Kimberly KesterkePosted
  • Investor
  • Marietta, GA
  • Posts 98
  • Votes 169

I don't mind investing in small houses, but make sure the cash flow of 150-200 is after setting aside expenses, property management fee , etc. I would hate to see you in the negative if one system breaks down. Is the property move-in ready at $35,000? Meaning, are there roof repairs, HVAC repairs, water damage that needs to be addressed? Or is there an additional $10-$15K of repairs waiting for you to make it rent ready? Also, does the property area attract a qualified tenant? You are going to want to find someone that makes 3X the income: rent ratio, a decent credit score and no criminal background. Will that area attract that type of tenant? Its easy to find tenants, but sometimes harder to find ones that are worth placing. Good job in finding the deal- just make sure the true cost of acquisition is $35,000 in a rent able area. 
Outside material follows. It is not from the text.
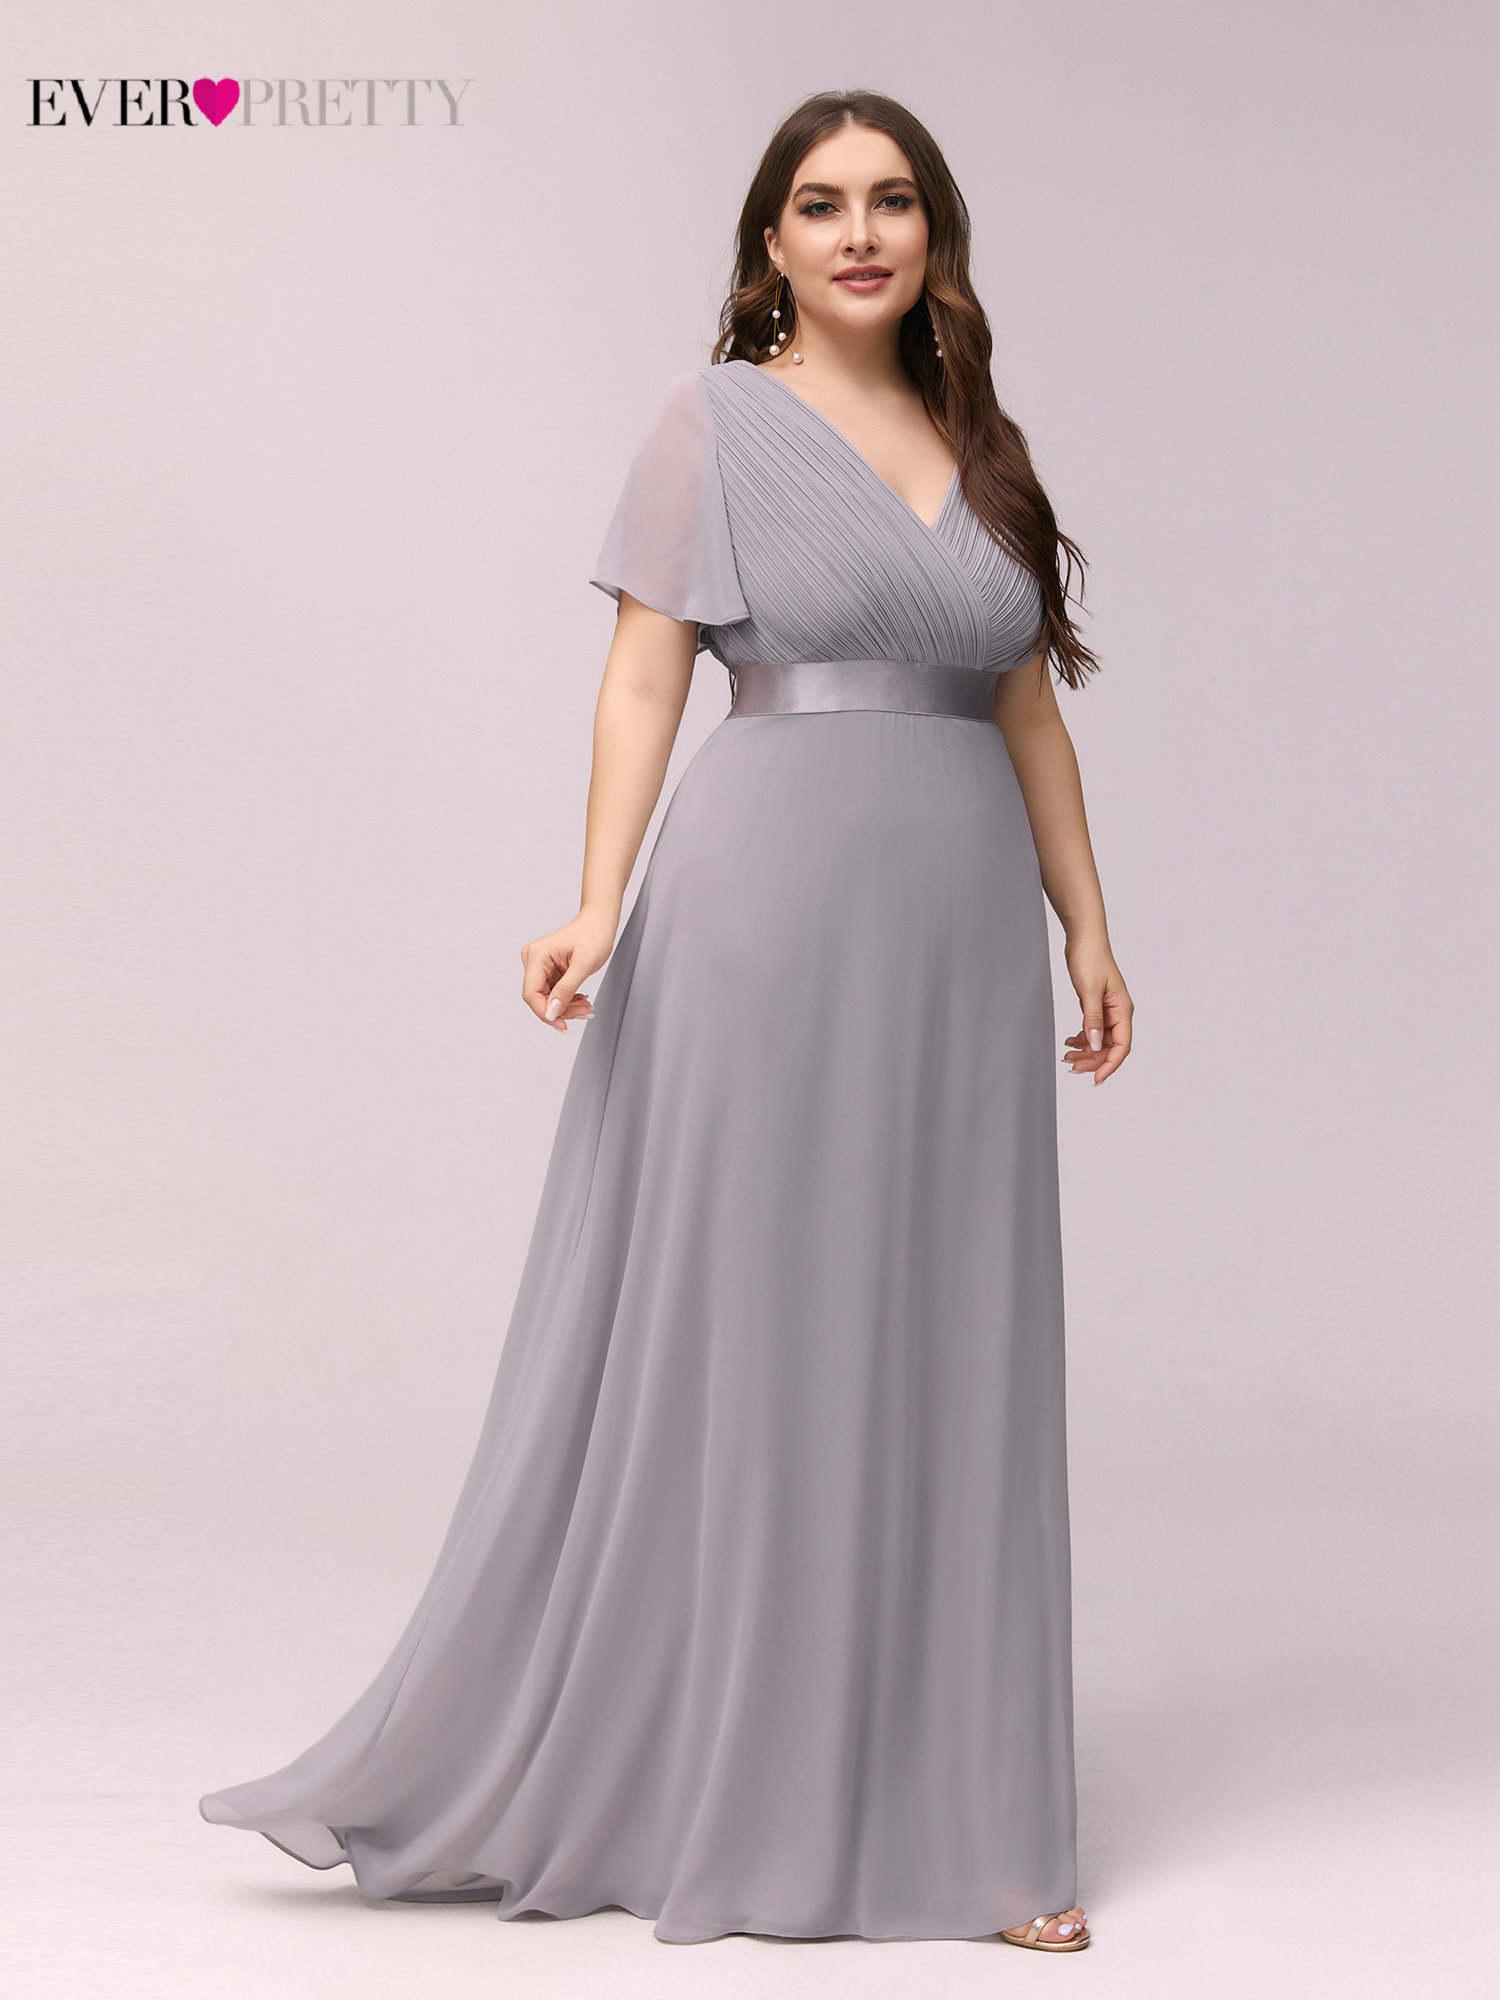 Party-Dress Evening-Dresses Robe-De-Soiree Ever Pretty Chiffon Formal Elegant Ruffles
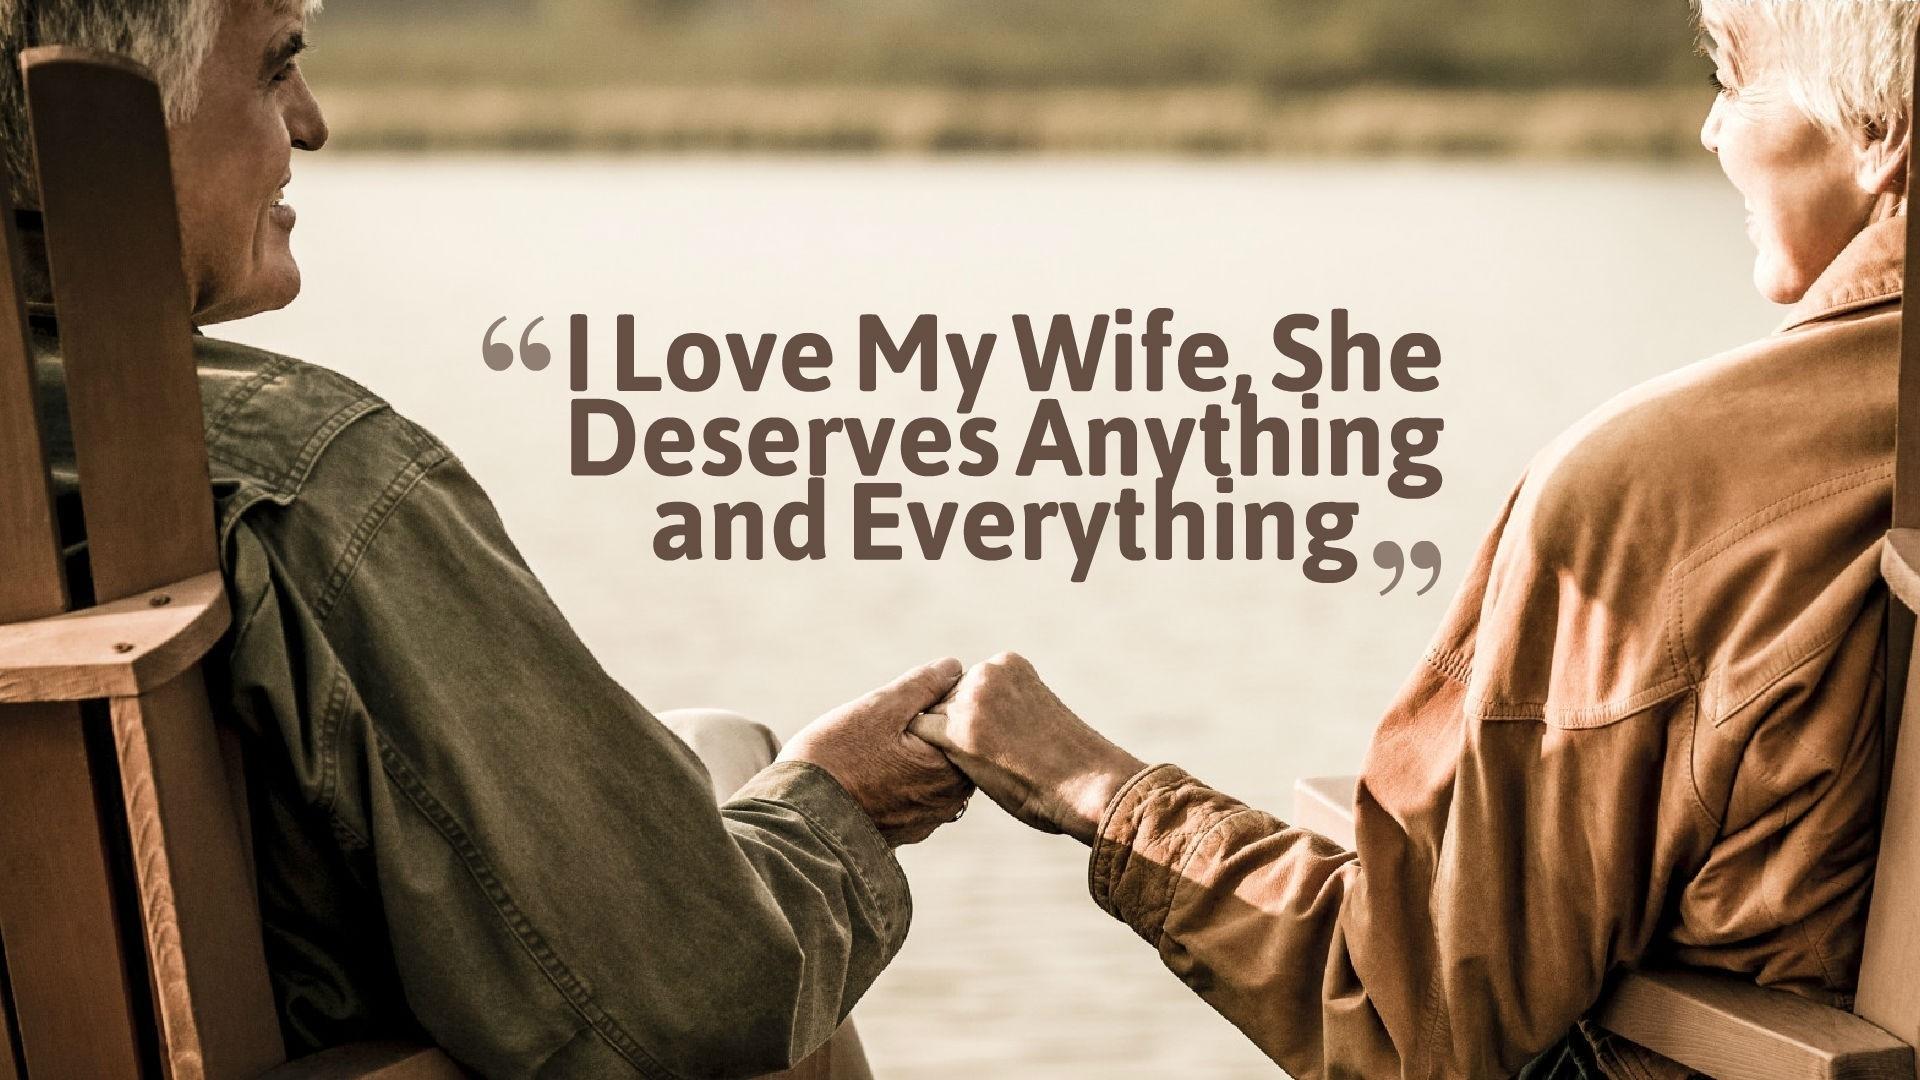 i love my wife anniversary quotes wallpaper 00278 - baltana

@John Underwood @Trevor Dominique- I agree- 3,000 should be adequate for a 2 bedroom 1 bath home- given he is using uncertified work. Make sure to write a review if you can. The good news- he is working on finishing the job- at least he didn’t run with your $3,000.

Post: AUGUSTA GEORGIA

Kimberly KesterkePosted
  • Investor
  • Marietta, GA
  • Posts 98
  • Votes 169

@Keidrick Cole- Are you still looking into Augusta? I have been investing actively there for 14 years and have a good system in place. We have started rehabbing properties and placing qualified renters- can also do the management if you wanted or refer you to a few other management companies. Sorry if this seems out of the blue but did want to reach out.

Post: AUGUSTA GEORGIA

Kimberly KesterkePosted
  • Investor
  • Marietta, GA
  • Posts 98
  • Votes 169

@Brian Robinson are you still investing in Augusta?

Post: AUGUSTA GEORGIA

Kimberly KesterkePosted
  • Investor
  • Marietta, GA
  • Posts 98
  • Votes 169

@Hillary Frazier- do you work with any investors who are looking for a place already rehabbed and tenant placed?

Post: AUGUSTA GEORGIA

Kimberly KesterkePosted
  • Investor
  • Marietta, GA
  • Posts 98
  • Votes 169

@Koob Moua- Are you still interested in the Augusta area? I’ve been there for 14 years and have some good connections. Feel free to give me a shout if I can help. Also have a few renovated properties with qualified renters available. 13.5% cap rates.

Post: AUGUSTA GEORGIA

Kimberly KesterkePosted
  • Investor
  • Marietta, GA
  • Posts 98
  • Votes 169

@Ryan Beasley do you work with investors looking to buy? I have a property that has been remodeled and a qualified tenant in place. Cap rate 13.5%. This is in the Harrisburg area. Feel free to reach out and Merry Christmas.

Post: AUGUSTA GEORGIA

Kimberly KesterkePosted
  • Investor
  • Marietta, GA
  • Posts 98
  • Votes 169

@Amahl Miller - I’m an active investor in Augusta, GA- been there for about 14 years. I have a property already remodeled with a qualified renter in place. Wasn’t sure if it was up you alley anymore- and would also be happy to share some connections. Merry Christmas!